Required work:
Starting from the line with "East Village / J.M.Bonfils and Associates", please copy exactly every line to the end of the listing, but not the pictures.

Exercise data:

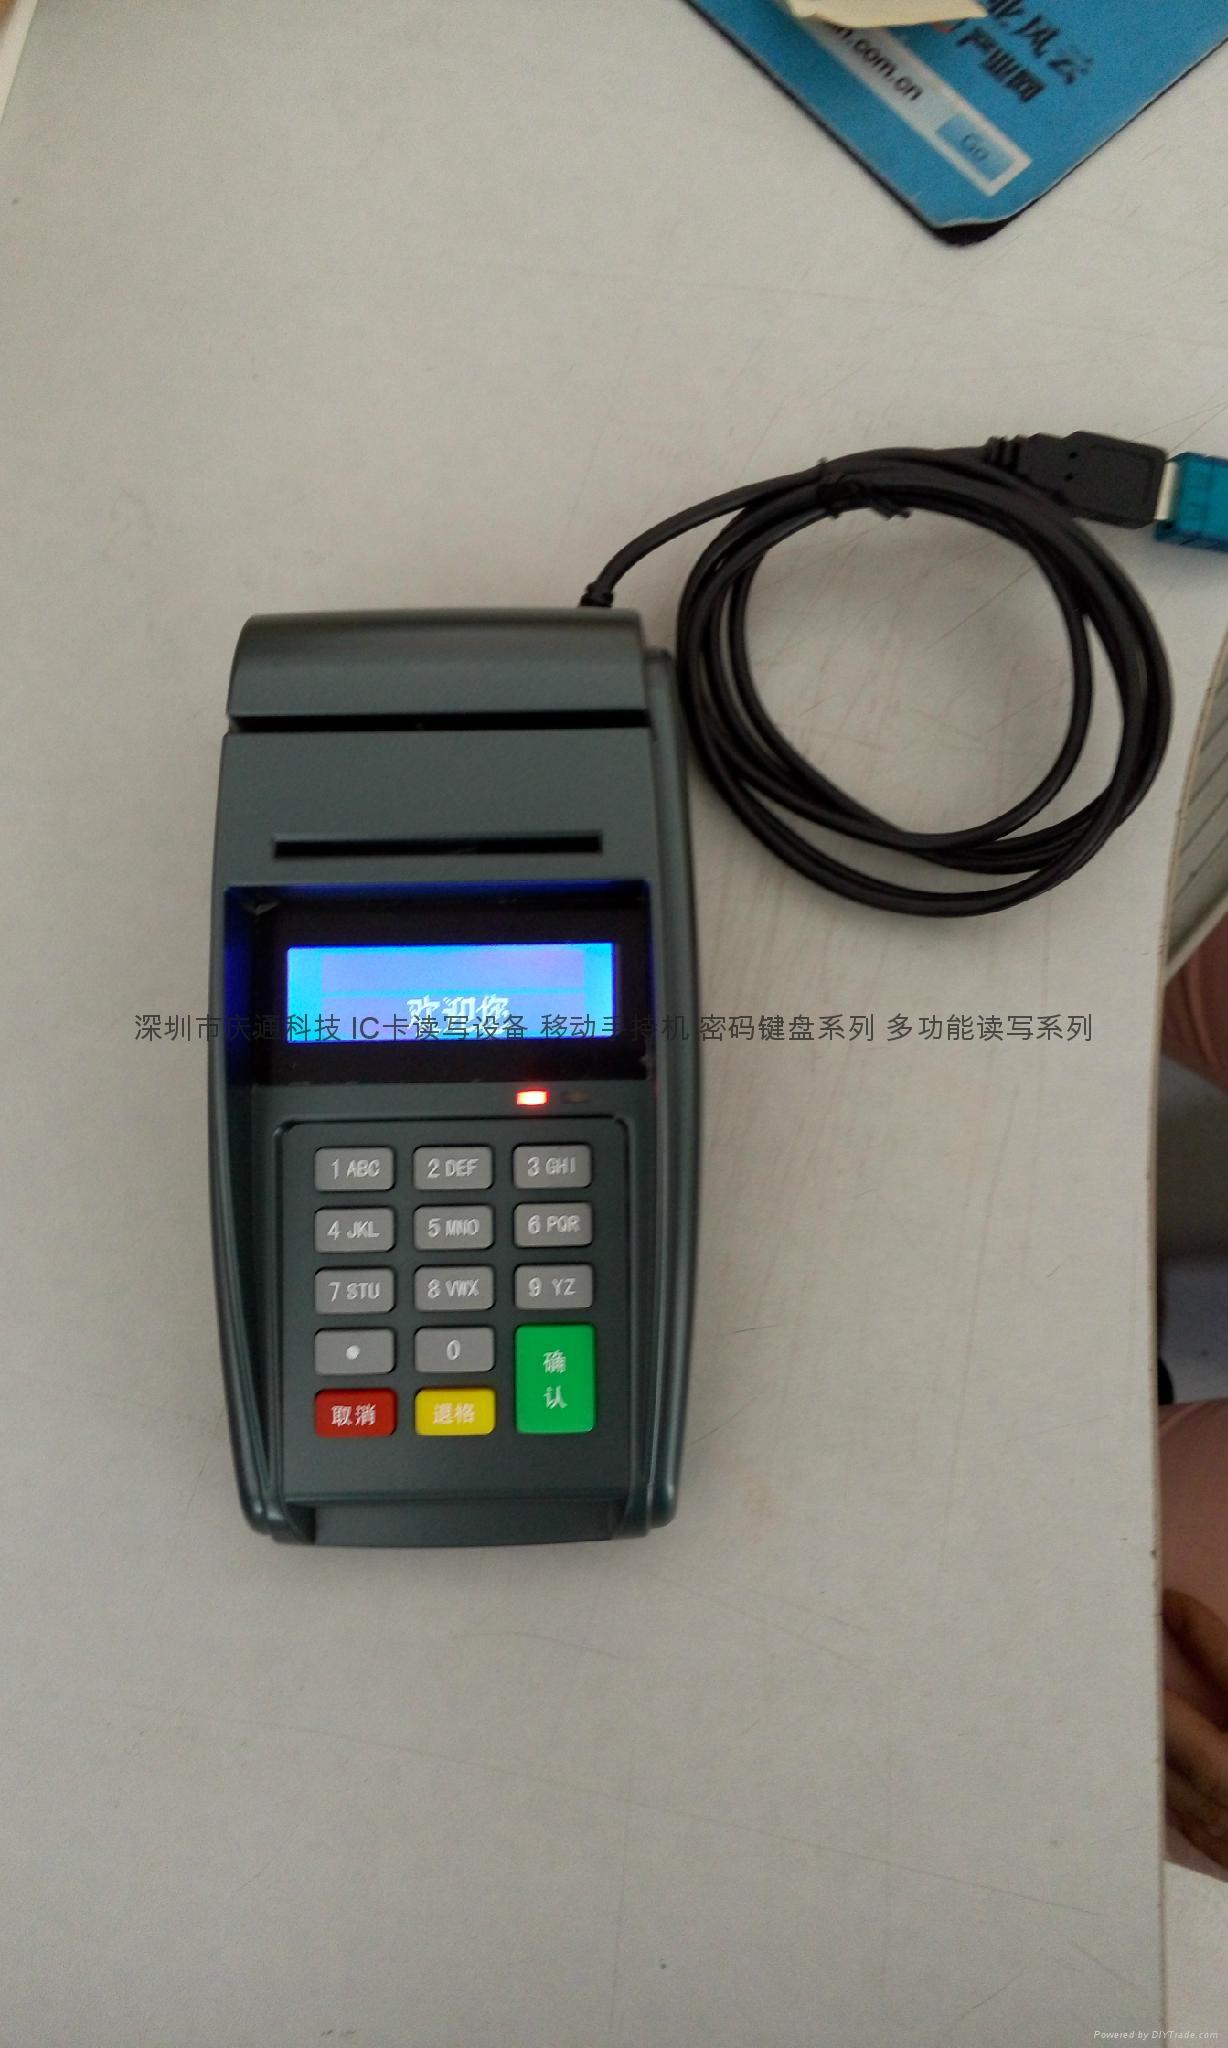 深圳慶通T9 多功能讀寫器RFID讀卡器廠家 3
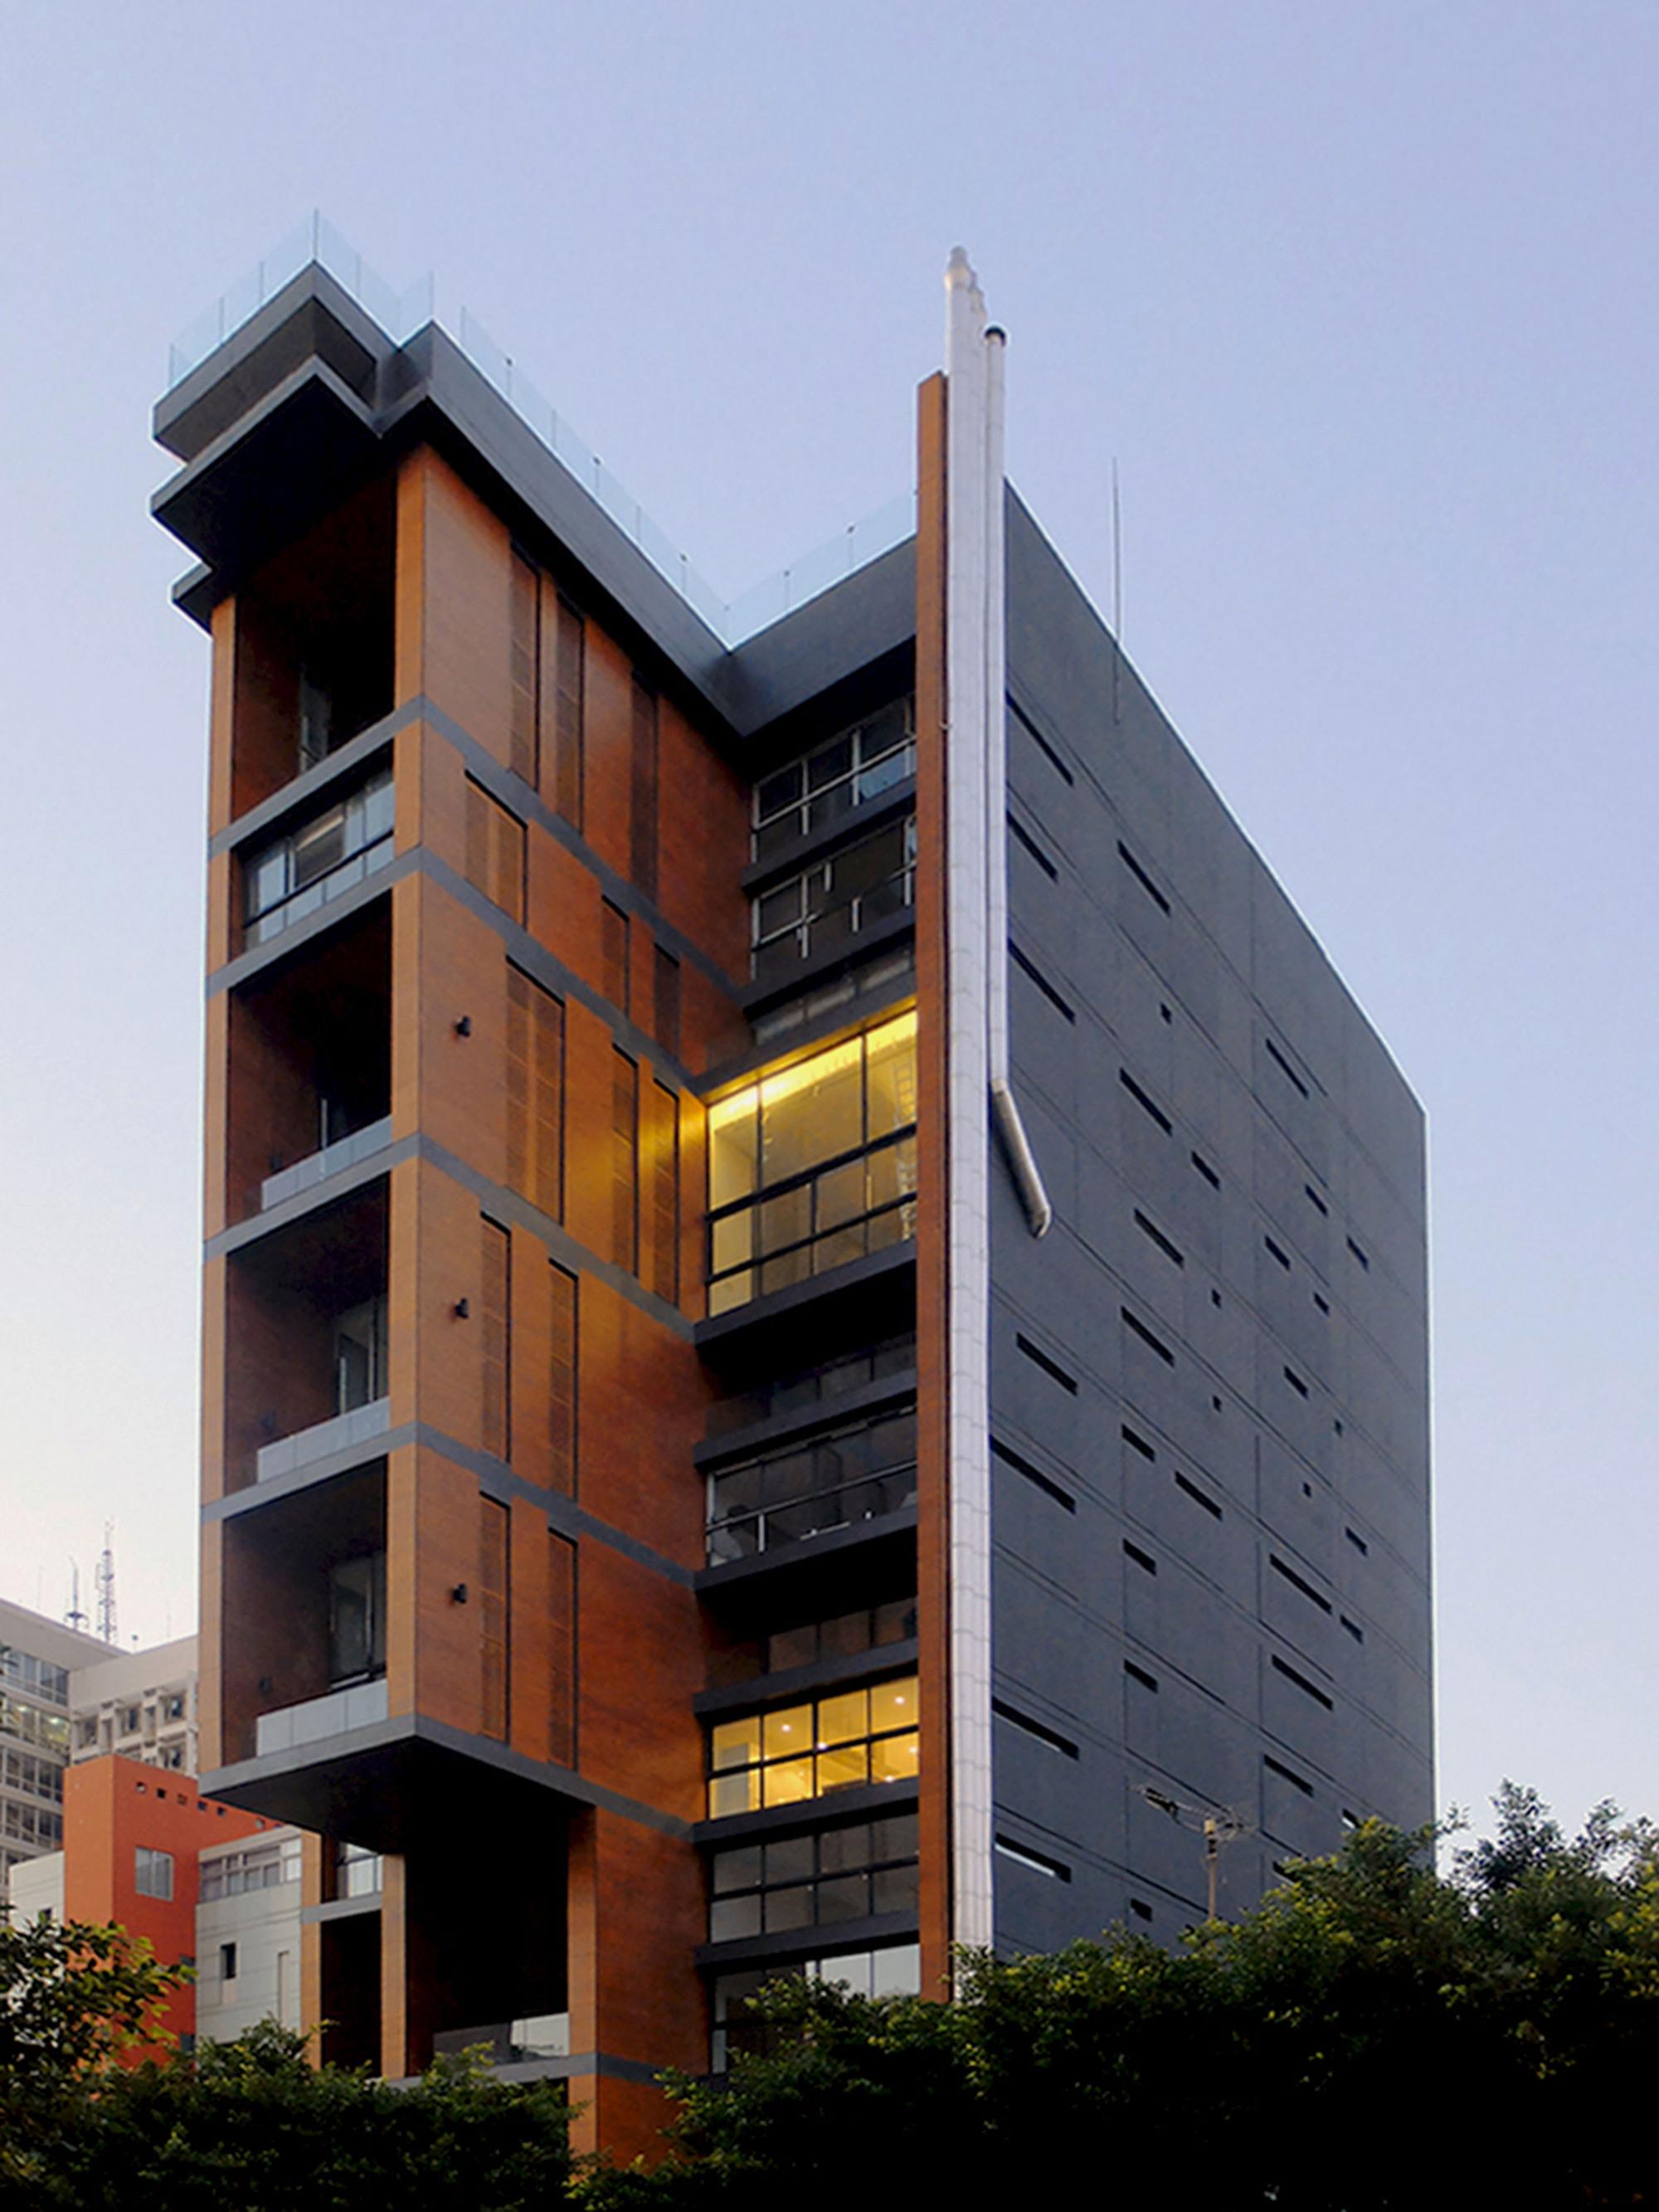 East Village / J.M.Bonfils and Associates
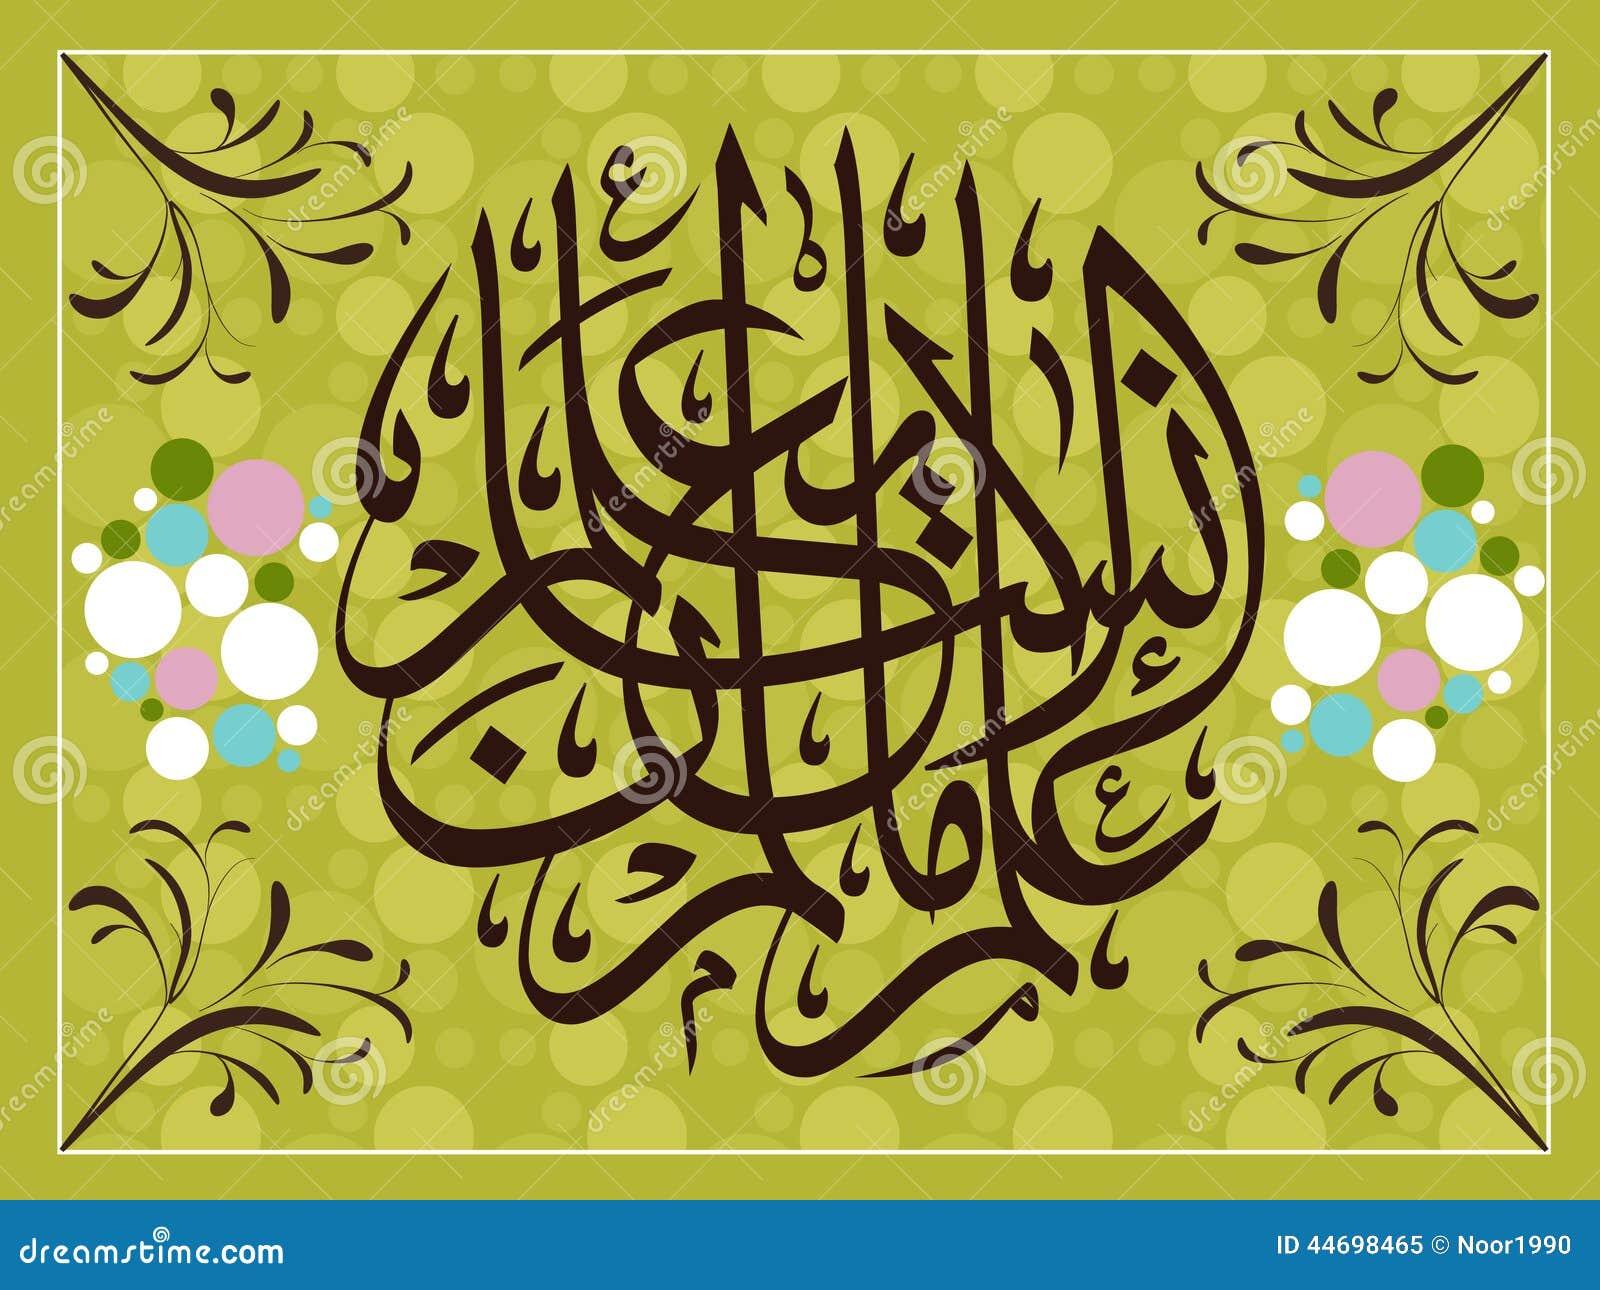 Όμορφος ισλαμικός στίχος καλλιγραφίας, διάνυσμα

Expected answer:
 East Village / J.M.Bonfils and Associates
 Όμορφος ισλαμικός στίχος καλλιγραφίας, διάνυσμα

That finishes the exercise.